Para Camila, essa minha filha companheira, que neste Natal de 2011 continuará a ser mãe carinhosa com as suas crianças, juto com Felix, o seu marido e pai. Ben, May Malen e Javier Max Raul, os nossos netos.

 

O nome não interessa, o importante é a pessoa…Vamos esquecer das greves e vamos falar de netos…

 

 

 

1. Sonata introdutória.

 

Perguntou-me um dia uma estudante da minha Universidade portuguesa: Senhor Professor, porque estuda crianças? A minha resposta foi breve: porque sou pai. A seguir, proferi uma explicação mais cumprida. Não é apenas por sermos pais, é, sobretudo pelo que as crianças nos ensinam. Parece que não por serem pequenas? Somos nós, adultos, que dizemos as sabidas coisas da vida? Sabidas coisas, conceito que substitui todas as acções e aventuras na interacção da experiência da vida, interacção que, por habituados como estamos com ela, esquecemos de reflectir. Reflexão que nem nos faz mal, pelo contrário.

 

Uma reflexão a ajudar-nos a crescer, a partir das crianças. Crianças adultas e crianças a crescerem. Como as filhas que tantos de nós, pais, temos. É verdade que a simplicidade e o carinho, a honestidade e a lealdade são parte da vida que praticamos e transferimos para a nossa descendência. Descendência que, sem darmos pelo facto, começa a aumentar. Um dia somos filhos, anos virados, somos autónomos e indivíduos, anos depois, caímos no chão de um amor que acompanha os nossos afectos, a nossa emotividade mais íntima, e, dessa intimidade, aparecem os primeiros descendentes que fabricamos.

 

Não, não é um erro de estrangeiro dizer fabricamos, porque são feitos pelo amor à pessoa que os leva no seu corpo durante meses e que do seu corpo os alimenta. Essa intimidade partilhada entre os pais perante a criança nascida, pais a olharem-se no bebé, a ouvir as suas primeiras palavras, a brincar com canções que ensinam mais ideias, a essas crianças que, por vezes, sem sabermos, andam atrás de nós.

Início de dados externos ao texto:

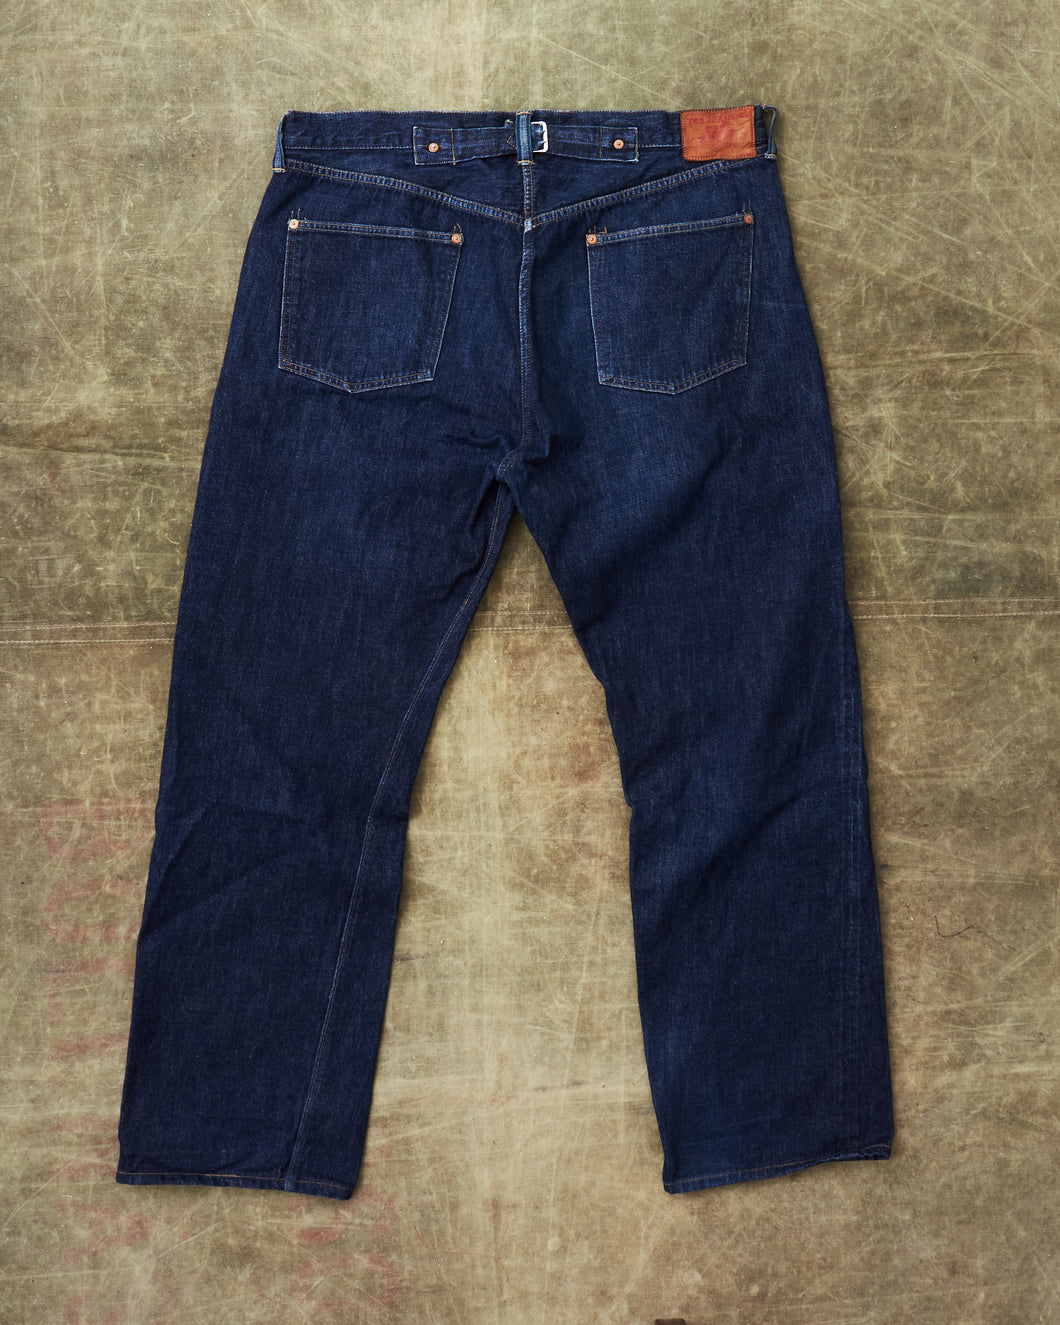 TWOSTA新品未使用 W33 TCB jeans TWO STAR JEANS TYPE1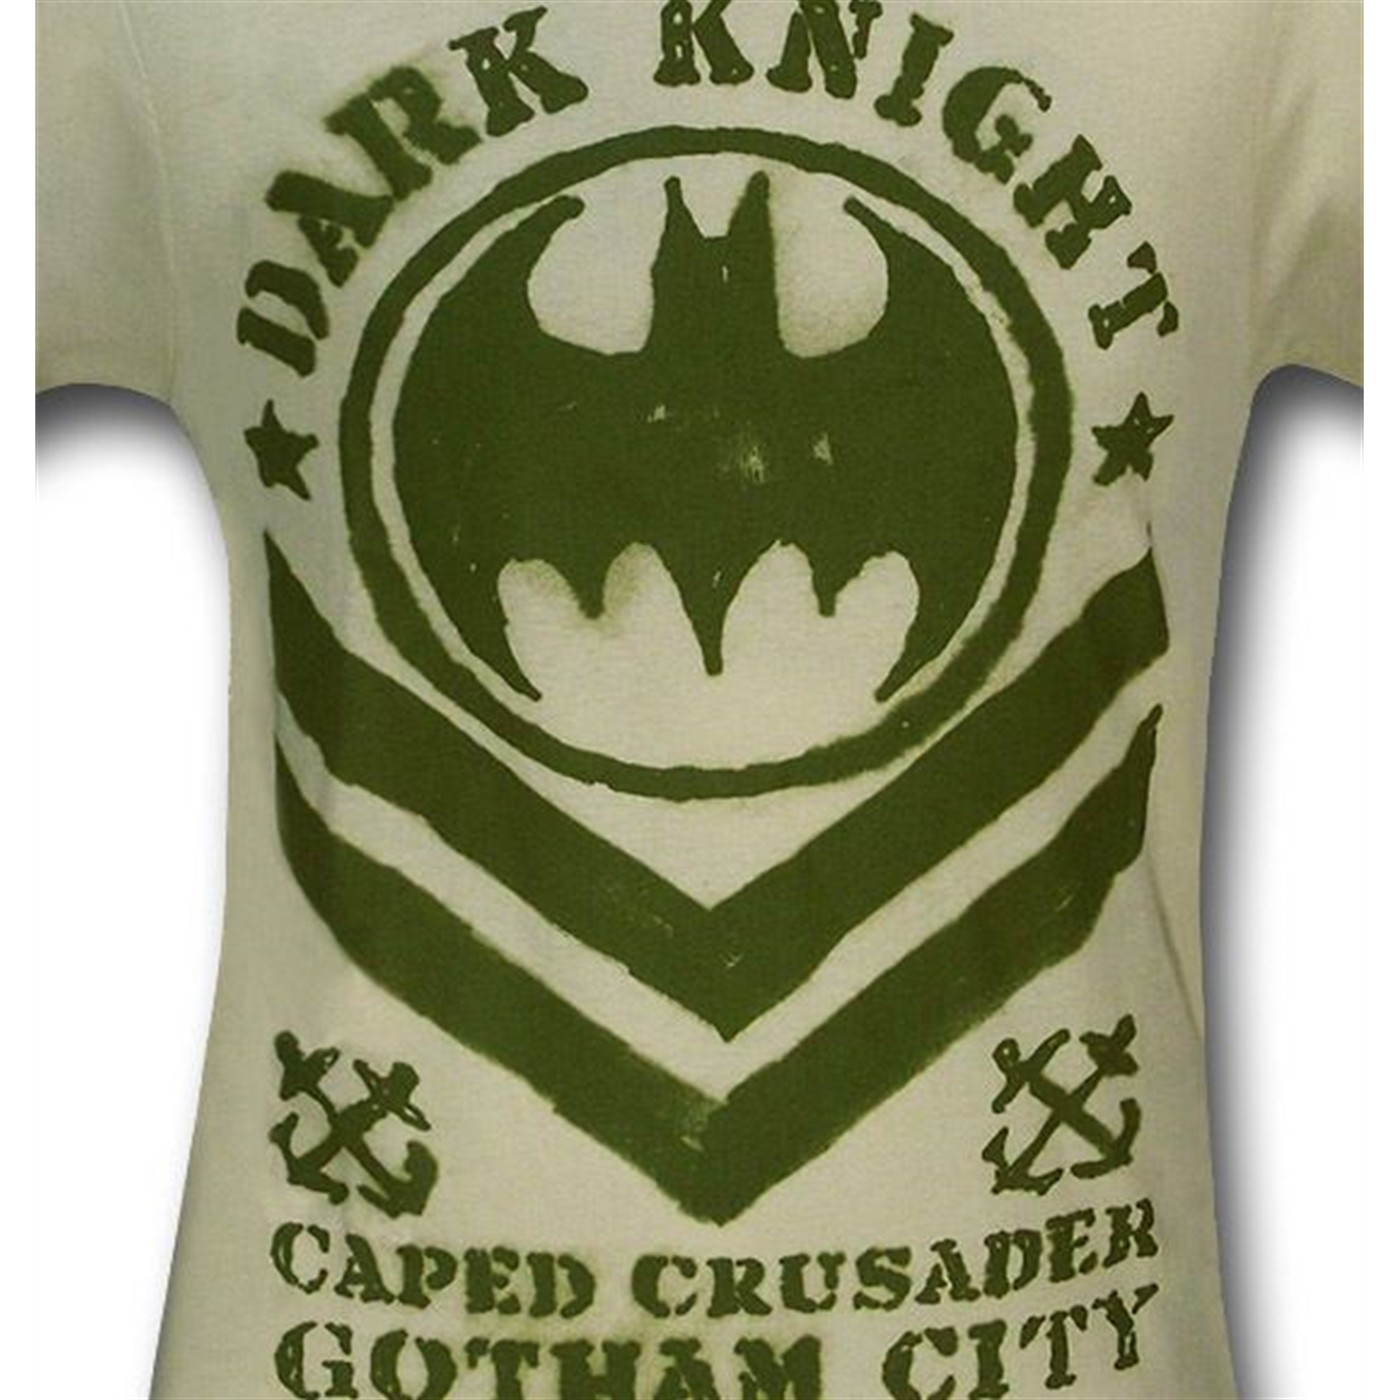 Batman Caped Crusader Chevron T-Shirt

Mais tarde, começam a fazer parte de um grupo, interagindo e falando sem nós ouvirmos, mas sabemos pelas mudanças de atitudes que as crianças, essas nossas crianças, têm.

 

E os sarilhos fora do lar começam. E aumentam à medida da inserção em actividades longe de nós. Como pais, ouvimos o que nos é referido e com firmeza, na linguagem da idade que fala, opinamos para que a nossa pequenada possa optar. Optar ela, não nós por ela.